Além do componente econômico pesava,
ainda, a variável cultural do racismo, uma vez que a miscigenação — ao
contrário do que aconteceu largamente no Brasil — estava fora de questão para o
invasor: brancos judaico-cristãos oriundos da Nova Inglaterra (atual costa
Oeste dos Estados Unidos). Uma espécie de “pessoas de bem”, daquela época.
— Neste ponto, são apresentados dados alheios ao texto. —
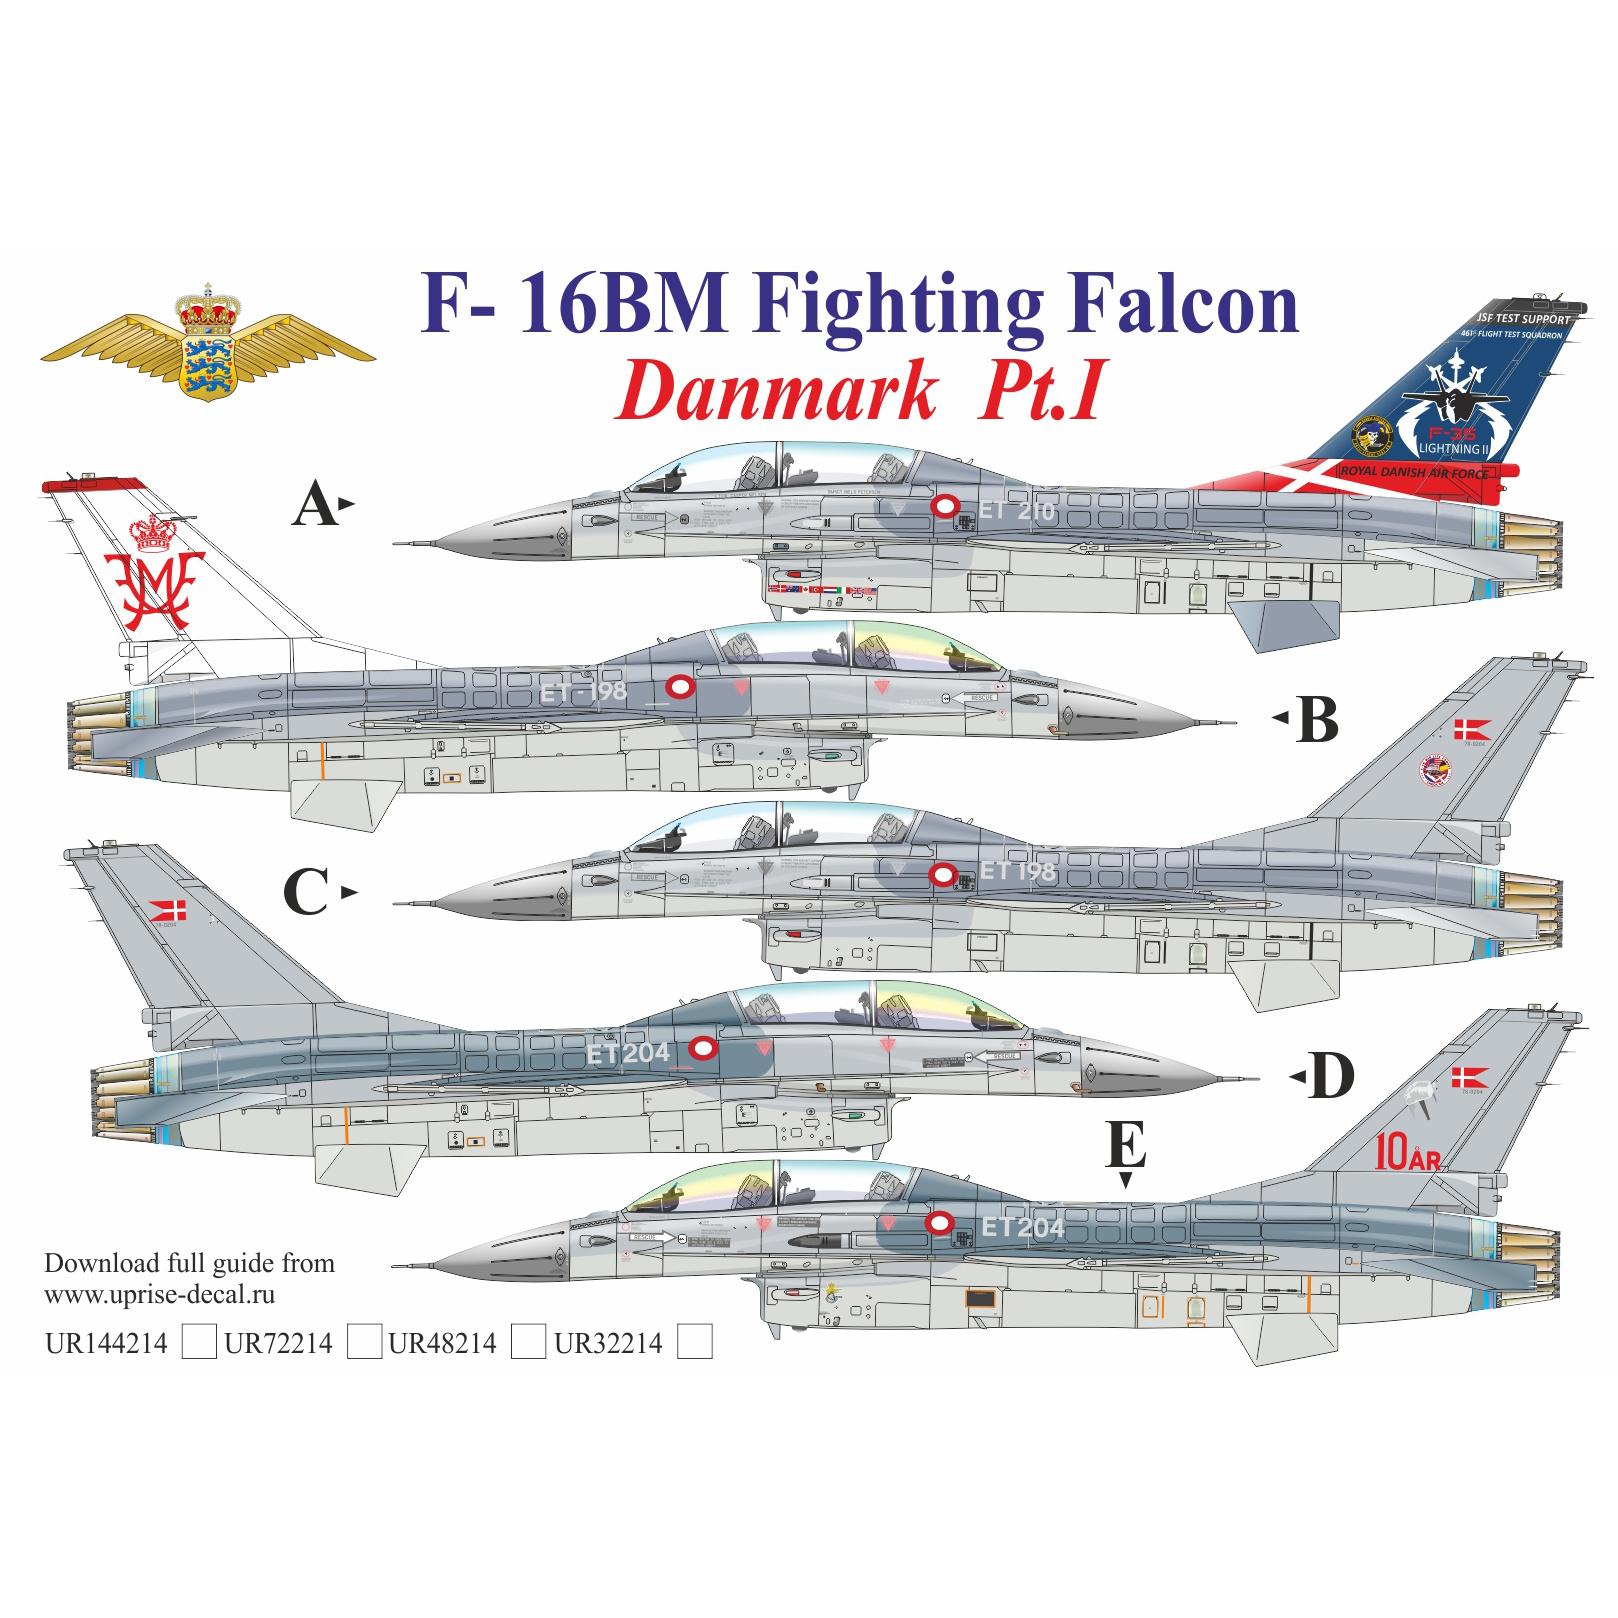 UR48214 Sunrise 1/48 Decal for F-16BM Fighting Falcon Danmark Pt.1

A política anti-indigenista tornou-se
abertamente agressiva com um dos mais respeitados presidentes do país, o
democrata Andrew Jackson (1829-1837), que mereceu de André Maurois, biógrafo
francês, o seguinte retrato: “Mal grado seus duelos, suas pragas pitorescas e
seus acessos de cólera, lia a Bíblia e tinha a dignidade e as maneiras
cavalheirescas do Sul”. Conhecemos bem o tipo, mas nada disso adiantou muito ao
cidadão exemplar do Tennessee. A promulgação do “Indian Removal Act”, de 1830, permitiu
a este homem do povo segregar mais de 16 mil índios do Sul no estado de
Oklahoma, a Oeste do Rio Mississippi. Tais deslocamentos populacionais ficaram
conhecidos como Trail of Tears (Rastro de Lágrimas).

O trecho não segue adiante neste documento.